The Disney Channel is frequently cited as an example of how low the House of Mouse has sunk since Walt’s death, and perhaps rightfully so—but from a strictly business perspective, you can’t really argue with results. In the last decade or so, the cable network (together with the equally unjustified Radio Disney) has done for “tweens” what their animated pictures and “Disney Afternoon” of years past did for younger children: turned them into a loyal army who will nag their parents into buying them anything. Say what you will, but it’s an expertly conceived formula: establish your tween heartthrobs, convince kids they should care, then release as many films and music albums featuring them as you possibly can, all carefully designed to separate parents from their paychecks. It should come as no surprise that this is a commercially successful endeavor, but it also turns out to be artistically successful much more often than one would expect. It’s provided us with the surprisingly smart cartoon Kim Possible, the criminally underrated sitcom Phil of the Future, and, most recently, the aptly-titled High School Musical.

High School Musical unsurprisingly aims squarely at the tween crowd, and (though the intended audience may not notice) draws heavily on both the “teensploitation” high school comedies of the last twenty years and the old-fashioned ensemble musicals of 30’s and 40’s—as if Busby Berkley had studied break dancing, and then had directed a heavily (and charmingly) sanitized version of Mean Girls. The plot is thoroughly conventional—a basketball star (Zac Efron) and a math wiz (Vanessa Anne Hudgens) discover that they can sing and try out for the titular endeavor, thus upsetting the delicate balance of their school’s cliques, calling down the scheming rage of the resident drama queen, and threatening their budding love.

(If they ever find out it's a wig, I can kiss my tween heartthrob days goodbye!)

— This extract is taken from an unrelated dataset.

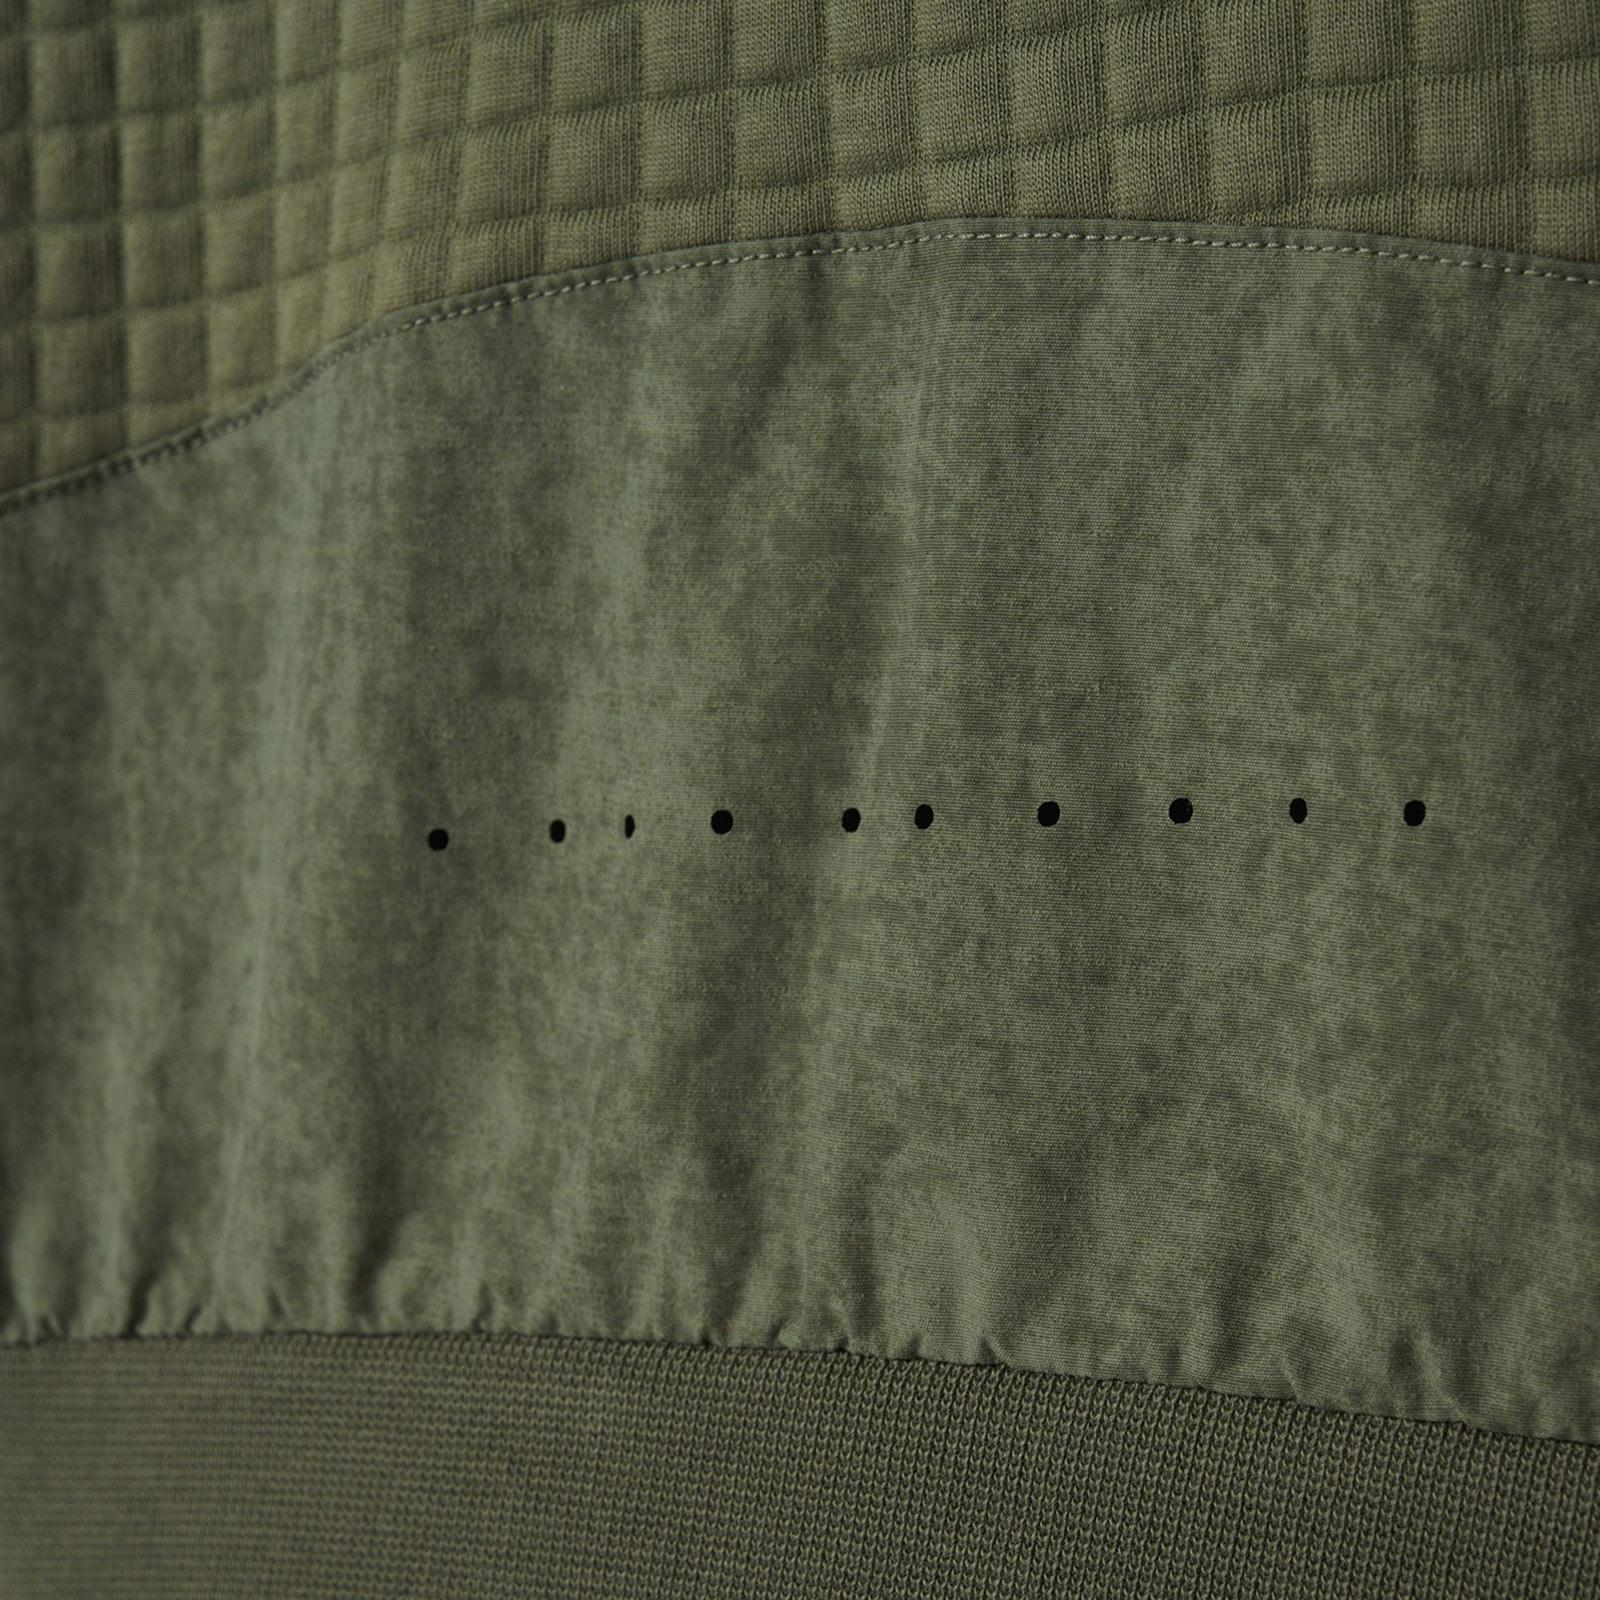 Jacket Womens All Adidas Sizes Bomber Moonwashed New qZCxIwFWO

(If they ever find out it's a wig, I can kiss my tween heartthrob days goodbye!)

That much should probably tell you if High School Musical is for you, but it probably fails to convey the sheer unabated joy the film is to watch. This owes largely to the well-designed choreography and the unstoppable enthusiasm the cast pours into each number, making even the hokiest moments “work,” to one extent or another. The music is perhaps slightly generic and heavily chart-inspired—standard guitar riffs and focus-grouped “funky” beats—but the cast embraces it, ignoring (or, in cases, playing up) its inherent silliness, to the extent that you really do believe that this is the greatest music ever (as the 11-year-old in your life undoubtedly will). In some cases, the music is clever enough to put all doubts to rest—as with the impossible-to-dislike showstopper “Stick with the Status Quo.”

The cast, young as it is, handles the material quite well. Efron’s got something of an everyman charm, and Hudgens manages to mesmerize, even with a fairly generic heartbreak ballad (the film’s only solo number), but the real standouts in the cast are Corbin Bleu, who shows off some impressive dance moves, and Ashley Tisdale, who steals the show as the villainous Sharpay (Lucas Grabeel, as her brother, squeezes in some great slapstick moments as well). The few adults in the cast understand that their job is to be funny, and then get out of the way—and they do it well (though Bart Johnson shows more nuance than you might expect).

Movie musicals are notoriously hard to do “right”—for one reason or another, characters that spontaneously burst out into song and dance are simply easier to believe on the stage than on the screen. Moulin Rouge got it right by envisioning itself as a feature-length music video, but most of the musicals to come since (Chicago, The Phantom of the Opera, etc.) have just been annoying to me for one simple reason: they all take themselves far, far too seriously. High School Musical gets what so many recent Hollywood offerings have forgotten: musicals should be fun. If your musical isn’t fun, people will step back, realize everyone is singing, and say, “This is stupid.” High School Musical bounces along with an inescapable energy that gives you no such chance.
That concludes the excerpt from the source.